- Directed by: Peter Hedges
- Written by: Peter Hedges
- Produced by: Dianne Dreyer Elizabeth Cuthrell David Urrutia
- Starring: Sandra Oh Mary-Louise Parker Elaine May Moses Ingram Noma Dumezweni Raúl Castillo Rosemarie DeWitt Ron Livingston Alison Pill John Gallagher Jr. Daphne Rubin-Vega Joshua Leonard Jin Ha Judith Light Ato Blankson-Wood Cory Michael Smith Rhenzy Feliz Camila Perez K. Todd Freeman Danny Burstein Joel de la Fuente Raza Jaffrey Brittany Bradford David Zaldivar
- Cinematography: Maceo Bishop
- Edited by: Tricia Holmes Max Ethan Miller
- Music by: Kevin Salem Bandits on the Run Peter Hedges
- Production companies: Home Plate Pictures Straight Up Technologies
- Distributed by: Juno Films Evenstar Films
- Release date: September 2, 2021 (Telluride);
- Running time: 99 minutes
- Country: United States
- Language: English

= The Same Storm =

The Same Storm is a 2021 American drama film written and directed by Peter Hedges and starring Sandra Oh, Mary-Louise Parker, Elaine May, Moses Ingram, Noma Dumezweni, Raúl Castillo, Rosemarie DeWitt, Ron Livingston, Alison Pill, John Gallagher Jr., Daphne Rubin-Vega, Joshua Leonard, Jin Ha, Cory Michael Smith and Judith Light.

==Plot==
Twenty-four people grapple with the COVID-19 pandemic in spring and summer 2020.

==Cast==
- Sandra Oh as Grace Park
- Mary-Louise Parker as Roxy
- Elaine May as Ruth Lipsman Berg
- Moses Ingram as Audre Robinson
- Raúl Castillo as Nurse Joey
- Noma Dumezweni as Dionne Davis
- Rhenzy Feliz as Jose Sera
- Jin Ha as Elliot Park
- Joel de la Fuente as John Park
- Ron Livingston as Jim Lamson
- Rosemarie DeWitt as Cindy Lamson
- Alison Pill as Bridget Salt
- John Gallagher Jr. as Dale Salt
- Cory Michael Smith as Jeremy Salt
- Judith Light as Shirlee Salt
- Daphne Rubin-Vega as Lupe Ramirez
- Joshua Leonard as Doug Salt
- K. Todd Freeman as Leon Robinson
- Danny Burstein as Dr. Daniel Berg
- Brittany Bradford as Imani Hart
- Raza Jaffrey as Dr. Sanjay Patel
- Camila Perez as Frieda Ramirez
- Ato Blankson-Wood as Russell Davis
- David Zaldivar as Mateo Ramirez

==Release==
The film had its world premiere at the 48th Telluride Film Festival in 2021. In August 2022, it was announced that Juno Films acquired American, Canadian and British distribution rights to the film, which was released in the Quad Cinema in New York City and the Laemmle Santa Monica on October 14, 2022.

==Reception==
The film has a 79% rating on Rotten Tomatoes based on 14 reviews. Nell Minow of RogerEbert.com awarded the film three and a half stars. David Ehrlich of IndieWire graded the film a B−.
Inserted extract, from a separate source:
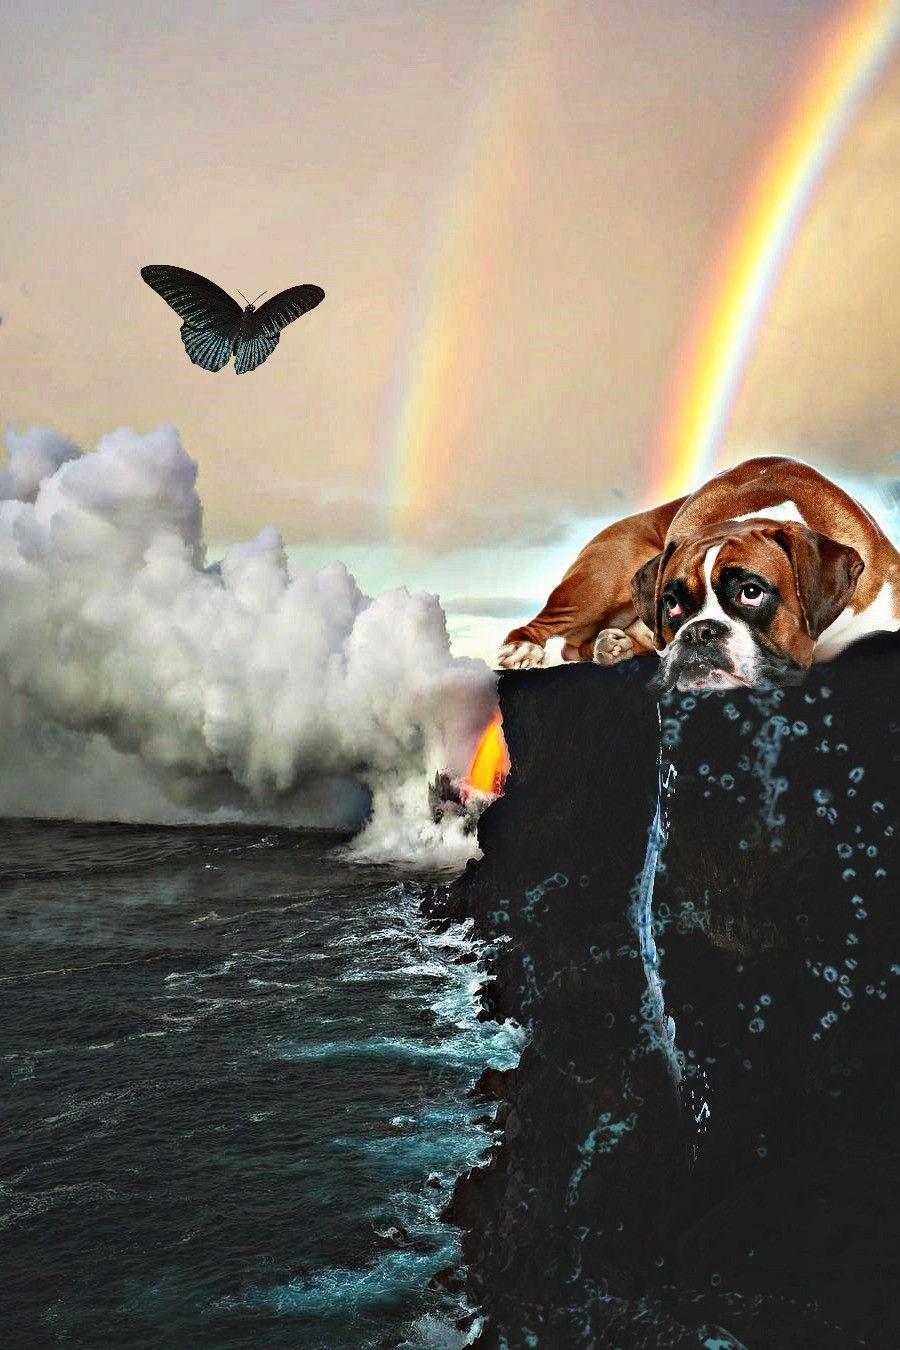 #daydream #imagination #dogs#butterfly #landscape#mixedmediaart

Lisa Kennedy of Variety gave the film a positive review and wrote, "...it’s an often-touching time capsule of a harrowing moment in which rampant death and police brutality, white privilege and surging activism answered the call of so much grief."

Beatrice Loayza of The New York Times gave the film a negative review and wrote, "The film proves one thing, at least: Like many of us, Hedges and his actors clearly had too much time on their hands."

Stephen Farber of The Hollywood Reporter gave the film a positive review and wrote, "In short, this film leaves us moved and provoked — and impressed with its technical accomplishments — even if it isn’t a perfect distillation of our ongoing national nightmare."

Todd McCarthy of Deadline Hollywood also gave the film a positive review, calling it "...a grab bag that mostly engages your attention and sticks in the mind as a vivid slap-dash portrait of a city and, by extension, a world under siege."